State of Repair
Vol. I · No. 1 Week of June 15, 2026 Edited by Dr. America

A weekly examination of American systems

Wisdom over noise · Solutions over cynicism

This Week

The Disability Claims Machine

~2 million
Americans apply each year
~2 years
Application to final answer, with appeals
110,000
Died awaiting a decision, FY2008–19 (GAO)
Why Now

The Victory Lap and the Line That Re-Formed

In March, the Social Security Administration announced it had cut the backlog of initial disability claims by a third, to 831,000 pending cases. That is real progress and the agency deserves credit for it. But the Urban Institute has cautioned that part of the decline may reflect fewer people applying and more people being denied, not faster justice; and the separate backlog of appeals hearings has crept back up to roughly 330,000. An agency declaring victory while the line quietly re-forms at a different window: that is a machine worth opening up.

An Ailing System

Two Years to Catch a Falling Worker

When an American becomes too sick or injured to work, two programs are supposed to catch them: Social Security Disability Insurance, which workers pre-pay through payroll taxes, and Supplemental Security Income, for those with little work history and few assets. Nearly two million people apply each year. The design intent is simple: verify that the person truly cannot work, then replace a portion of lost income, typically around $1,500 a month for SSDI, before the household collapses.

Here is how it actually behaves. A claim is filed with SSA, then routed to a state-run Disability Determination Services office, where examiners and medical consultants review the file. An initial decision now takes roughly six to eight months, according to recent SSA processing data, more than double the 3.4 months it took in 2018. About two-thirds of initial claims are denied. The denied claimant may request reconsideration, a second review that takes three to six more months and ends in denial about 85 percent of the time. The next stop is a hearing before an administrative law judge, where the wait runs a year or more in many locations, and where, historically, roughly half of claimants finally win.

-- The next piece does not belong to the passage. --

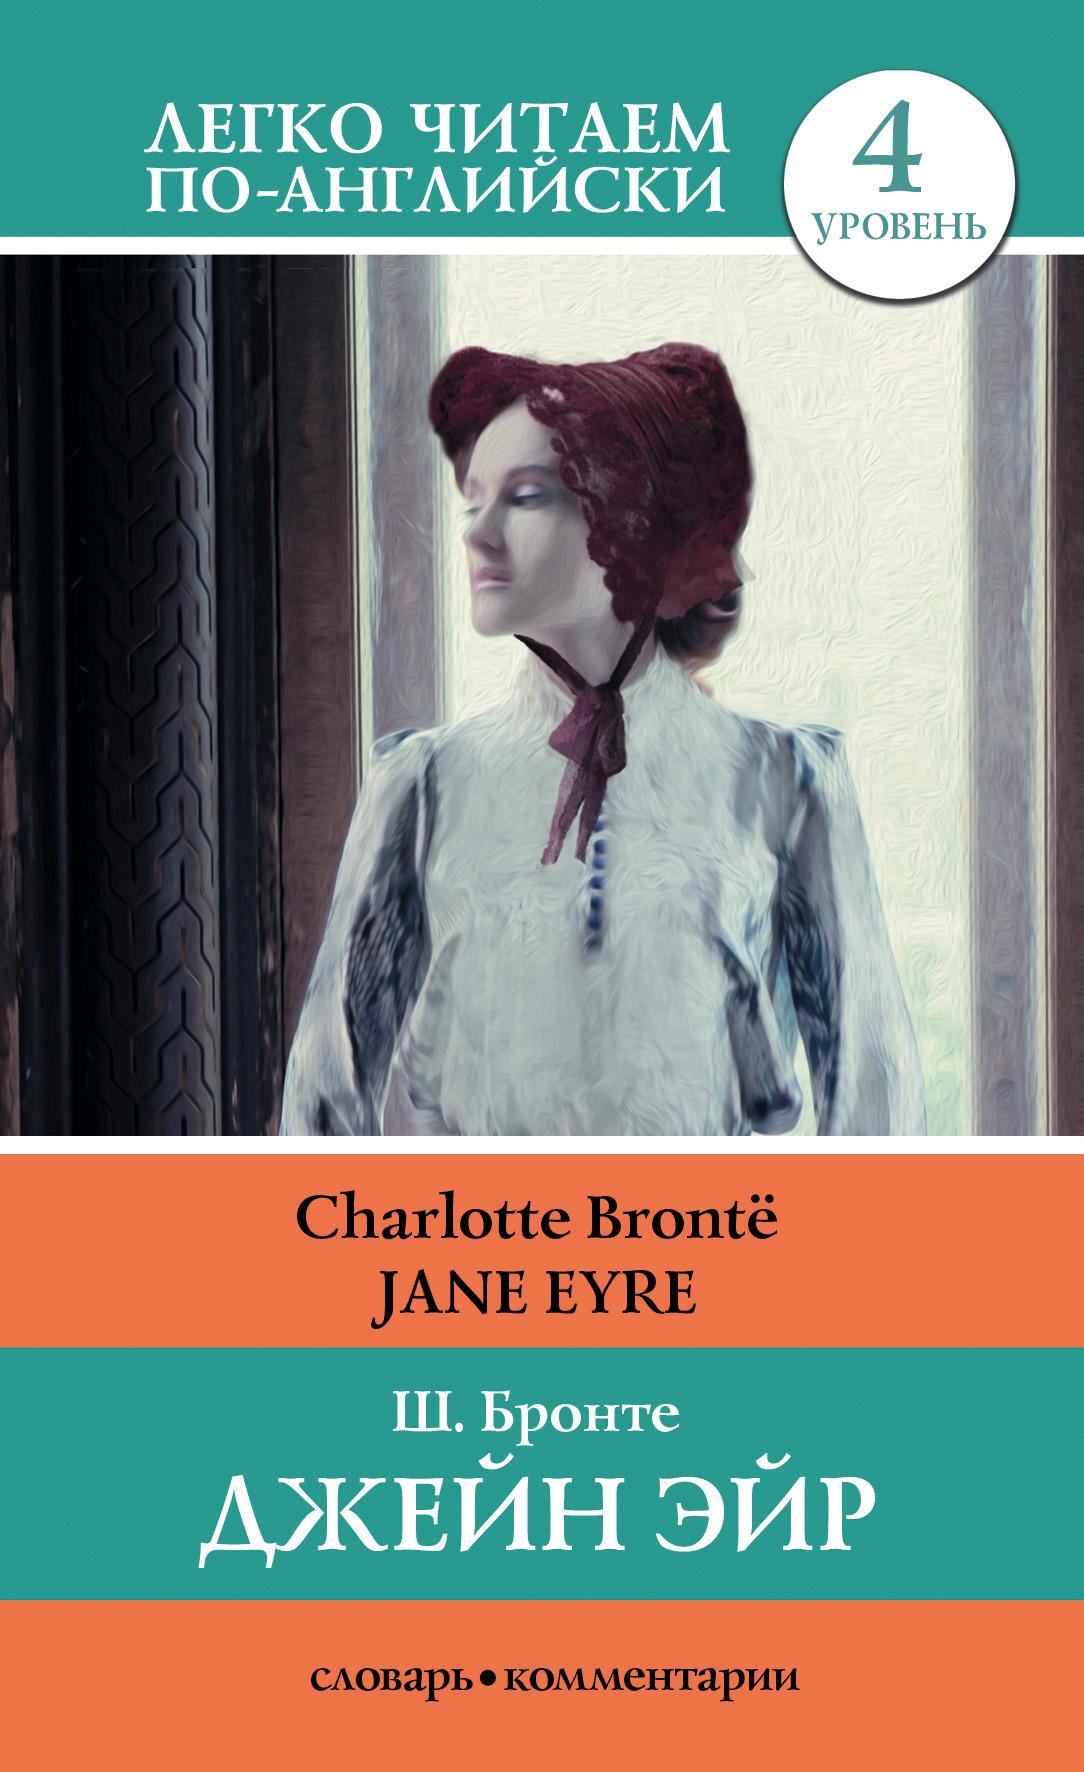 Шарлотта Бронте Джейн Эйр / Jane Eyre бронте ш джейн эйр jane eyre cd 3 й уровень

Add it up and the full journey from application through appeal averages about two years. Two years, for a benefit whose entire purpose is to arrive before the household collapses.

When a review stage almost never changes the answer, but the next stage reverses it half the time, the middle stage is not quality control. It is a waiting room with a rubber stamp.

Pause on one number in that sequence: 85 percent of reconsiderations are denied, yet around half of those same claimants later prevail before a judge.

How It Broke

Nobody Voted for This

No one designed this. It accumulated, through four decisions that each made sense at the time.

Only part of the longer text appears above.